Find the word "with" in the listing below. Copy every line that has it.
[[ DATA FOR THIS EXERCISE open ]]
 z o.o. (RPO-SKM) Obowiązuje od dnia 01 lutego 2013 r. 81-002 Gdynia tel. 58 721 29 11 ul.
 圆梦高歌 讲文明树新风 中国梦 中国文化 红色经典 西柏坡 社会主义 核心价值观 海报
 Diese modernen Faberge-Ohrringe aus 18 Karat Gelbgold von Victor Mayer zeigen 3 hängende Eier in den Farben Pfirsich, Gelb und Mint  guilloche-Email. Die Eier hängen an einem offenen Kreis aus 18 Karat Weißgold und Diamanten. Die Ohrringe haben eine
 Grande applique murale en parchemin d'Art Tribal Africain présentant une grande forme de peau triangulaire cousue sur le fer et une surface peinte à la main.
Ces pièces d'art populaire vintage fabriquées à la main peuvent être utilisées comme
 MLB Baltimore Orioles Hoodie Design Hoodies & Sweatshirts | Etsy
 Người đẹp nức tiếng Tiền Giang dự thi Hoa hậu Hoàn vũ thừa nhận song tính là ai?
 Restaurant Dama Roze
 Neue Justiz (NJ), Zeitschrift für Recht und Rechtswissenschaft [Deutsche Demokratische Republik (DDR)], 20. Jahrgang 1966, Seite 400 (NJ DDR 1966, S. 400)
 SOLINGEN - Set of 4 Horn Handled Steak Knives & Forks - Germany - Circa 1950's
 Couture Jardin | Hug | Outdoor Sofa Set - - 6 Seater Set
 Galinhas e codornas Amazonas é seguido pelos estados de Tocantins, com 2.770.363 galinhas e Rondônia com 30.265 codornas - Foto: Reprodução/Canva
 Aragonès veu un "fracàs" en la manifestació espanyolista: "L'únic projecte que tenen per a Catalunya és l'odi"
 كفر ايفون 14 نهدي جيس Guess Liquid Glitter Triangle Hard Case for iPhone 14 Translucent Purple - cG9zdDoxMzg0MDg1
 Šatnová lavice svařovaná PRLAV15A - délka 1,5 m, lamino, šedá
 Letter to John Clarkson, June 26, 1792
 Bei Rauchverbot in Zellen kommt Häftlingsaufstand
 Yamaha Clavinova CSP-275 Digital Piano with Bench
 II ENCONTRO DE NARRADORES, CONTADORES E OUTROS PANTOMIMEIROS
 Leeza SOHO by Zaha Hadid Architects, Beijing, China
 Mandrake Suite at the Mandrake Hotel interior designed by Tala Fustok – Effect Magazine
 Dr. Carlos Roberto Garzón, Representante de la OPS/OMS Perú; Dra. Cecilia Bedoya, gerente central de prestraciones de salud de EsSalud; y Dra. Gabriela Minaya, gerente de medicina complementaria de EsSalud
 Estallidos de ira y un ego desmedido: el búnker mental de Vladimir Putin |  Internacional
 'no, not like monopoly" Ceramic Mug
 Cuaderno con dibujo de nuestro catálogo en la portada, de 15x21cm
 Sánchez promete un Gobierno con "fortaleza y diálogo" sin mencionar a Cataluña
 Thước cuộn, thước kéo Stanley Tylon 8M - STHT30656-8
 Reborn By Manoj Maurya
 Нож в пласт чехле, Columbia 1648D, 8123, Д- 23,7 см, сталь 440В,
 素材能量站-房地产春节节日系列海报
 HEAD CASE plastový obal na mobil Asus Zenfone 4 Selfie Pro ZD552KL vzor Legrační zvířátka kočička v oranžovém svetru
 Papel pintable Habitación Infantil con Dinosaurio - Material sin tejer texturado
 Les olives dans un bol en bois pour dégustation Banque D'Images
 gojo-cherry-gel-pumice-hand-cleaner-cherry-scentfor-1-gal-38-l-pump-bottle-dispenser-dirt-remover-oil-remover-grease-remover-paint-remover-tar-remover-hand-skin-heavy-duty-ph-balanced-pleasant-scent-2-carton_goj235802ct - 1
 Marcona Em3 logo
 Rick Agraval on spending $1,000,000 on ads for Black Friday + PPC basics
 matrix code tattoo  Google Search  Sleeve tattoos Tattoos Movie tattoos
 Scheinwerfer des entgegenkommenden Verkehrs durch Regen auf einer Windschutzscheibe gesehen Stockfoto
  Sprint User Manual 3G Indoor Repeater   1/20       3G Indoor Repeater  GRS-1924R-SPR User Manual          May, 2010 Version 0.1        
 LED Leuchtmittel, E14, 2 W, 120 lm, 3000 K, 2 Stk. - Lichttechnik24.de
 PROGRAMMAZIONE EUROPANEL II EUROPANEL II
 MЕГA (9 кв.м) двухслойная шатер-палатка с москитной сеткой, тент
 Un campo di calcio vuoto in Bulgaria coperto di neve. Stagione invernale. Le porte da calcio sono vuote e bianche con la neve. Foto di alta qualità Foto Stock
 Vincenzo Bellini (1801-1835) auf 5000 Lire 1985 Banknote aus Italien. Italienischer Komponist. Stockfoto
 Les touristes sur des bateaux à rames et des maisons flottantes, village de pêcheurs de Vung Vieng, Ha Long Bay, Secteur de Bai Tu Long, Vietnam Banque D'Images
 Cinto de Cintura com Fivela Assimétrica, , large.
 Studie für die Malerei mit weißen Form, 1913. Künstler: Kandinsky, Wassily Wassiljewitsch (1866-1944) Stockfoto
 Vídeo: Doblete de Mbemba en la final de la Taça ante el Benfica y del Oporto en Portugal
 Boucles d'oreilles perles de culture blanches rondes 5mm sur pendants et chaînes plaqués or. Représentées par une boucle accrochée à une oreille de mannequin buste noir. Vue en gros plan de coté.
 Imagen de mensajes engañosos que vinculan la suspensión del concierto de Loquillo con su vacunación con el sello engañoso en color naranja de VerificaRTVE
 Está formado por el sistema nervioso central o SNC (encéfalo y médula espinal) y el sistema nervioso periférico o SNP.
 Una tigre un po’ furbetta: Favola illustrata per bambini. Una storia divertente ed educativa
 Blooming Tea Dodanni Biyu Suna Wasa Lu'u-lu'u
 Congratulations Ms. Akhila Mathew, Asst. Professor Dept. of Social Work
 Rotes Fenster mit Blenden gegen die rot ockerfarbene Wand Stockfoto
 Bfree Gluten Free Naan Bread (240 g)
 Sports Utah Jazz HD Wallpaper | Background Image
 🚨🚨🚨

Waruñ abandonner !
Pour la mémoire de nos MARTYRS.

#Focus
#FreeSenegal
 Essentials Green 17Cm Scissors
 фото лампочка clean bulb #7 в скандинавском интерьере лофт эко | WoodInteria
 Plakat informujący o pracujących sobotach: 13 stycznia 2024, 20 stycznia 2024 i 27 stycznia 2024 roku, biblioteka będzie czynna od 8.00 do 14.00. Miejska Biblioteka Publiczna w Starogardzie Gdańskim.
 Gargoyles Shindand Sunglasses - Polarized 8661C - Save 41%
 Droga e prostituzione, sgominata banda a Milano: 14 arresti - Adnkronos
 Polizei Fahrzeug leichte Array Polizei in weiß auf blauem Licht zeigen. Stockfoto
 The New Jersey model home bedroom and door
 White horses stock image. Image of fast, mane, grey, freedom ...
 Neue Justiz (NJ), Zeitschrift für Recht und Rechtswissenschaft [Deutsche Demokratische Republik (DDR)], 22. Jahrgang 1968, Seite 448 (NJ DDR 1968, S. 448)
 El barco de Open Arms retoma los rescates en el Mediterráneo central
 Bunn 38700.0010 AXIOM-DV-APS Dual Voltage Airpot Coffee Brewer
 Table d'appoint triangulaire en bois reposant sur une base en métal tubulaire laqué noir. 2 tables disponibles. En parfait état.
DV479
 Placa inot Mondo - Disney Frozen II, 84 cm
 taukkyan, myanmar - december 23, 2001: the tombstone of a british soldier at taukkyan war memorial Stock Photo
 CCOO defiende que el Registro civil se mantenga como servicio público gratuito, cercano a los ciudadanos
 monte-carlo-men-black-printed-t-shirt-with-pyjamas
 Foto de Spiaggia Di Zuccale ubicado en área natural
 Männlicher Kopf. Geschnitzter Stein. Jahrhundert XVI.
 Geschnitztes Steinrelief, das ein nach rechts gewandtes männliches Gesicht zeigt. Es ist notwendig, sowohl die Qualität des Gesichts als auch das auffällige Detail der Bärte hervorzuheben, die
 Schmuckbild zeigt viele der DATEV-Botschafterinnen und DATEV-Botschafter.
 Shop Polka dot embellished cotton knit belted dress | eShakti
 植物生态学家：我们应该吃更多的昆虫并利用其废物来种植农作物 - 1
[[ DATA FOR THIS EXERCISE closed ]]
WRITTEN RESPONSE =
 Yamaha Clavinova CSP-275 Digital Piano with Bench
 monte-carlo-men-black-printed-t-shirt-with-pyjamas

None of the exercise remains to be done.